The Ray Donovan movie will air on Showtime, and for years afterward in our grim and eternally troubled sleep.

17 Comments

  • noisetanknick-av says:

    Makin’ his way
    In L.A.
    It can be hard out there for a janitor
    [“Point me to the toilet. I’ll fix it right up.”]
    I hope Ray Donovan never dies!

  • cuzned-av says:

    I was super into Ray Donovan early on. I’m a big-time sucker for Liev Schreiber, and for a stoic ass-kicker, so it’s like the show was made for me specifically.
    But the wife doesn’t share my Schreiboner, so when we got into the second season of focusing on goddamn Jon Voight, i was content to just go to bed earlier.
    Don’t know if i’ll bother with the movie. Maybe if i find out that Mickey fuckin’ dies early in the movie (or offscreen before it starts), and in a really dumb way, like he’s just strolling down the street minding his own dirtbag business and a piano falls on his head? I don’t know, i’m just spit-balling.
    But something like that, and then maybe i could go back to having Liev glower directly into my soul.

    • Velops-av says:

      I wish I had bailed early on like you. I foolishly stuck with it as the show slowly began its descent into madness. Seasons 5 was my breaking point.

    • tokenaussie-av says:

      Yeah, his family drama bullshit got me out about halfway through the first season. Dammit. I just wanna watch Liev Schrieber cover up hooker murders and convince strippers who slept with basketballers to get abortions. Is that too much to ask?

  • hulk6785-av says:

    Ray Donovan may very well be the epitome of TV shows that ran for a long time but weren’t very popular, i.e. cultural phenomenon.  

    • broyalelikethemoviebattleroyale-av says:

      I’ve never watched the Ray Donovan show, but I do appreciate that a show like it can have legs without being popular. These days, it seems if AVClub, Slate, and whoever else aren’t talking about your show, people automatically consider it a failure.

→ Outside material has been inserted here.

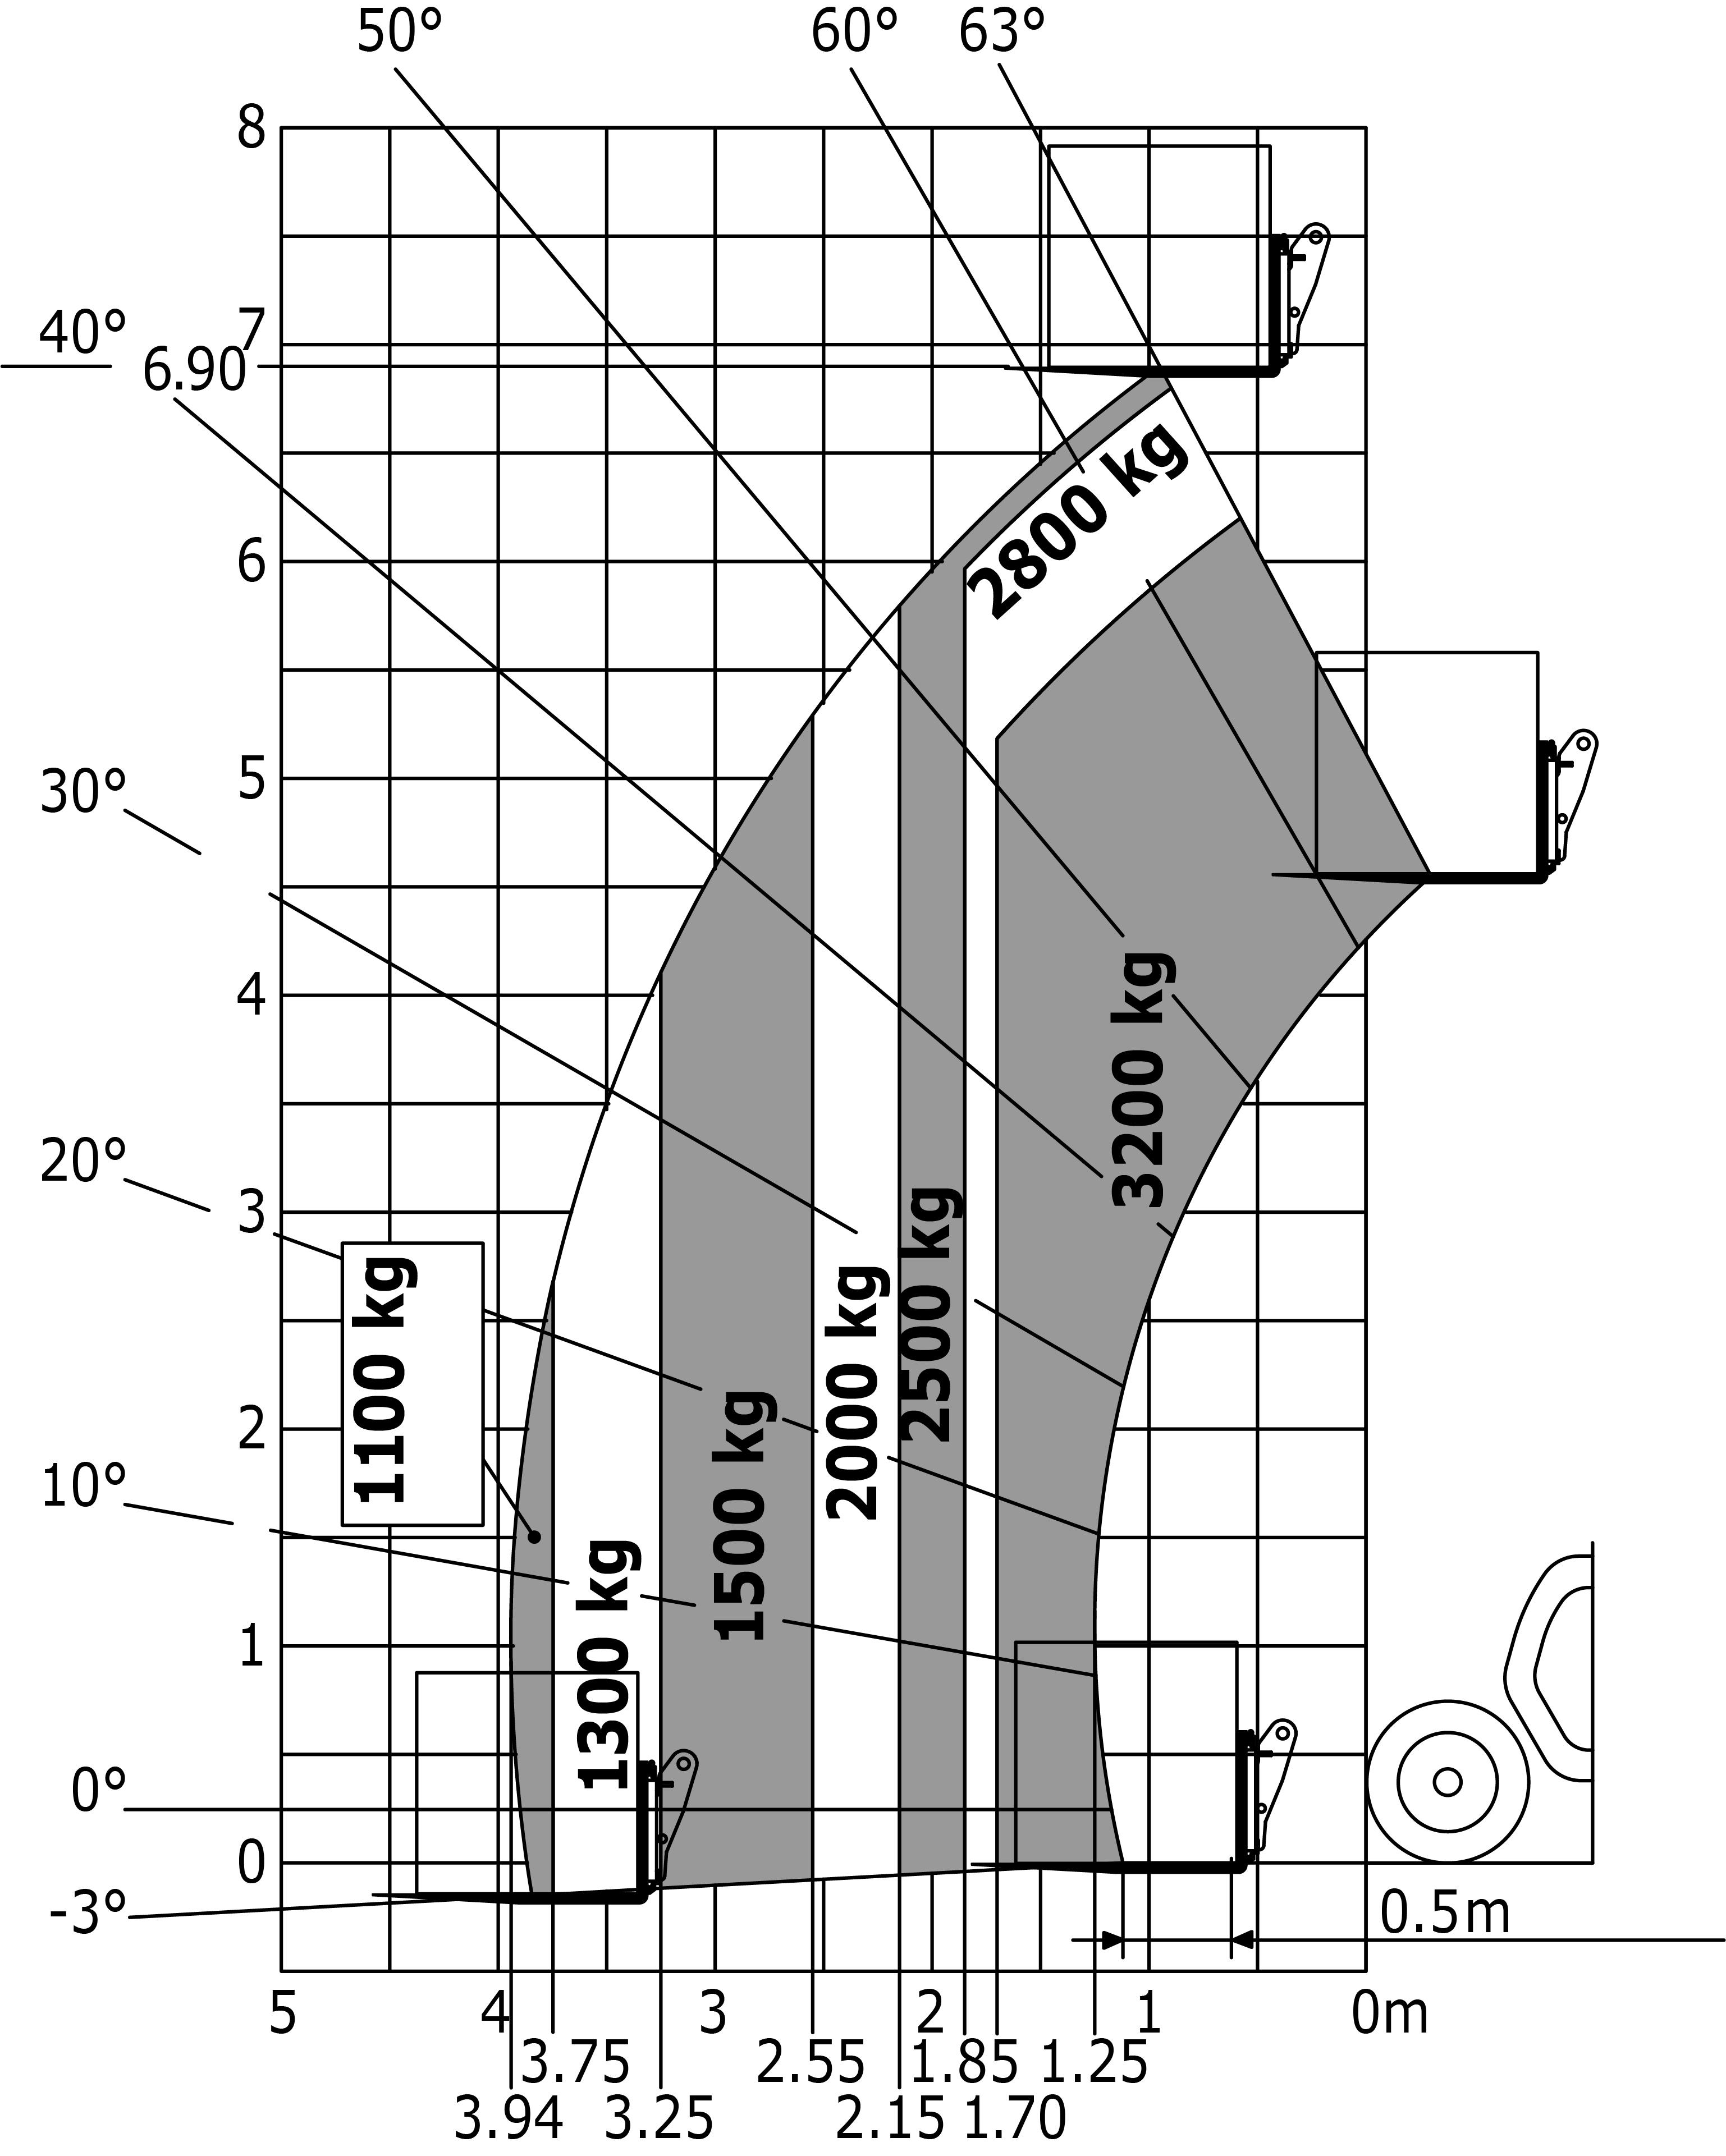 manitou mt 732 easy telehandlers rh manitou com manitou forklift wiring diagram manitou telehandler wiring diagram

    • dwarfandpliers-av says:

      “Everybody Loves Raymond (Donovan)“

  • rigbyriordan-av says:

    I’d love to see Smitty somehow survive being gunned down in a miraculous, “he was actually dead for 11 minutes” surgery. But yeah, this had to happen. There’s no way they could let it end the way it did. 

  • softsack-av says:

    I feel like the marketing team at Showtime really f’ed up on this show. For all I know it might be great, but whenever I hear about it I’m reminded of John Oliver’s bit where he says: “What is Ray Donovan about? I will never know.” (Sorry
    can’t find a clip)
    Before I read this article all I knew was that a) it stars Liev Schrieber, b) his character’s name is (probably) Ray Donovan… and that’s it. But it seems like whoever designed the promotional material at Showtime thought that’s all anyone needed to know in order to tune in.

    • usernamedonburnham-av says:

      i dont know why Oliver (or anybody) would be confused. its the simplest show in the world-ray’s a scumbag, almost everyone he knows is a scumbag, he does shady shit for money, he has a family. There, done.

    • porthos69-av says:

      i’m in your boat:  i know a few things about the show:  it’s called ray donovan, ray is liev, people are very into ray donovan.

    • snooder87-av says:

      Yeah, the only reason I started watching the show was because I happened to catch a random episode while staying in a hotel room once. The marketing just doesn’t do the show justice at all.

  • thekinjacaffeinespider-av says:

    So Ray Donovan and Keith Richards are going to dance on our graves?

  • aej6ysr6kjd576ikedkxbnag-av says:

    I watched this for a while. In the end, the sheer disparate makeup of the thing tired me out. Was it about Hollywood? Was it a mob show? A family drama? It seemed to move in so many directions at random, I got tired trying to keep up.